[cairo-commit] src/cairo-traps.c
Carl Worth
cworth at kemper.freedesktop.org
Wed Mar 14 15:23:34 PDT 2007
src/cairo-traps.c | 372 ------------------------------------------------------
1 files changed, 372 deletions(-)
New commits:
diff-tree 5d23d0c90c31b233d5916c12eaf2a1dafc441243 (from 1f3a5b4e1283cc0e55f7ea6baca6d0fe67fd14b1)

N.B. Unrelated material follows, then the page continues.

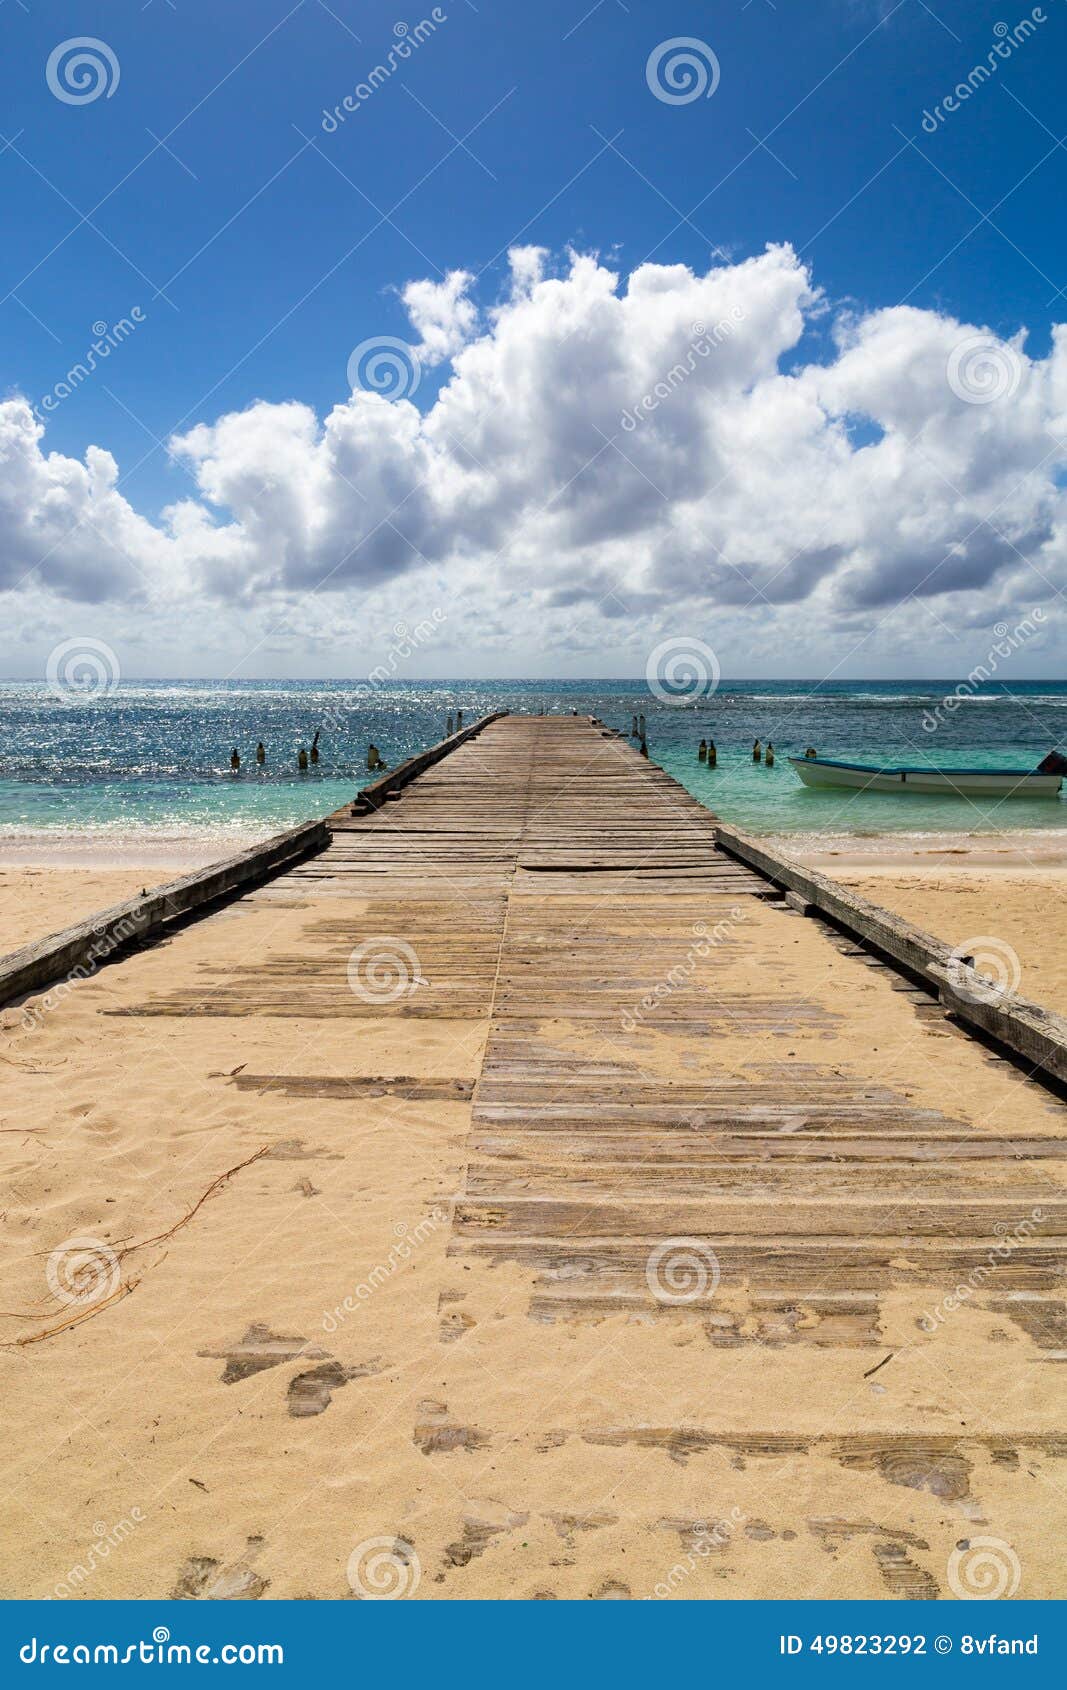 pier into the ocean saona domenican republic
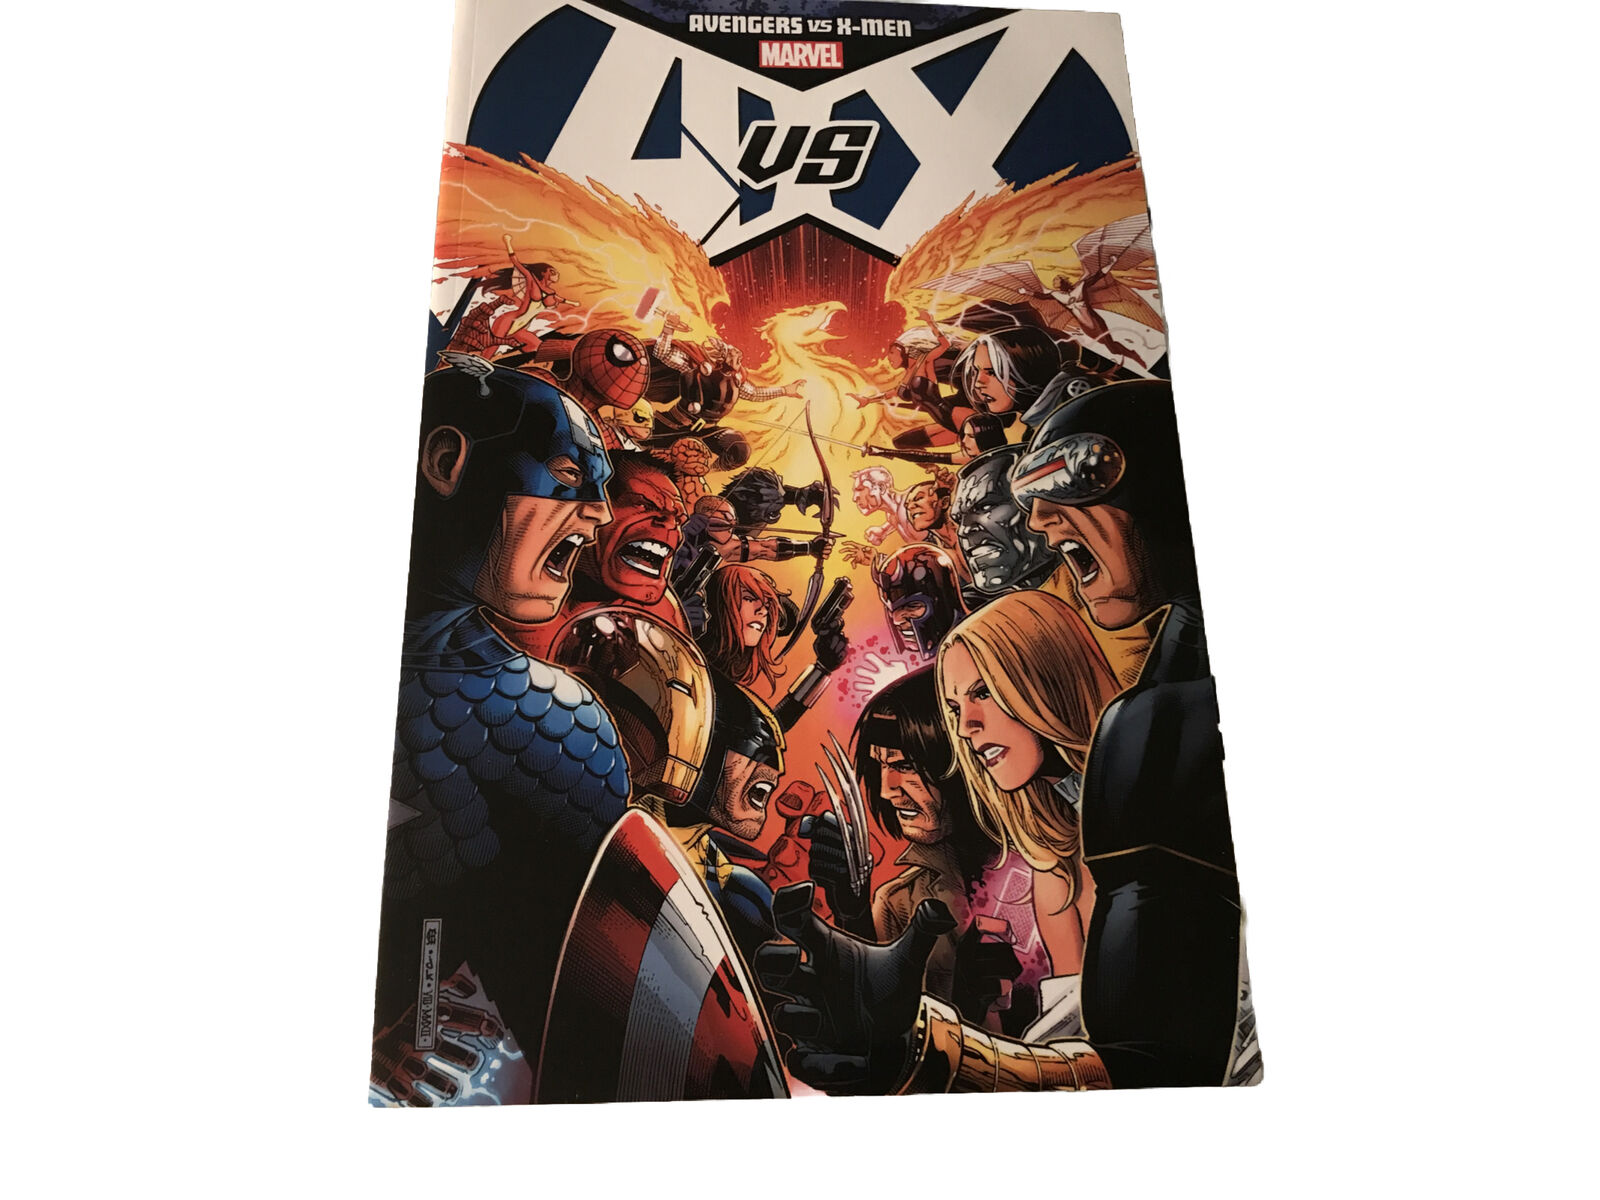 Avengers vs. X-Men Marvel, 2012 VGC

Author: Carl Worth <cworth at cworth.org>
Date: Wed Mar 14 15:23:01 2007 -0700
Remove dead-code remnants of old tessellator
diff --git a/src/cairo-traps.c b/src/cairo-traps.c
index 33e6447..96b0a45 100644
--- a/src/cairo-traps.c
+++ b/src/cairo-traps.c
@@ -49,18 +49,9 @@ _cairo_traps_add_trap (cairo_traps_t *tr
static int
_compare_point_fixed_by_y (const void *av, const void *bv);
-static int
-_compare_cairo_edge_by_top (const void *av, const void *bv);
-
-static int
-_compare_cairo_edge_by_slope (const void *av, const void *bv);
-
static cairo_fixed_16_16_t
_compute_x (cairo_line_t *line, cairo_fixed_t y);
-static int
-_line_segs_intersect_ceil (cairo_line_t *left, cairo_line_t *right, cairo_fixed_t *y_ret);
-
void
_cairo_traps_init (cairo_traps_t *traps)
{
@@ -512,52 +503,6 @@ _cairo_traps_tessellate_convex_quad (cai
return traps->status;
}
-static int
-_compare_cairo_edge_by_top (const void *av, const void *bv)
-{
- const cairo_edge_t *a = av, *b = bv;
-
- return a->edge.p1.y - b->edge.p1.y;
-}
-
-/* Return value is:
- > 0 if a is "clockwise" from b, (in a mathematical, not a graphical sense)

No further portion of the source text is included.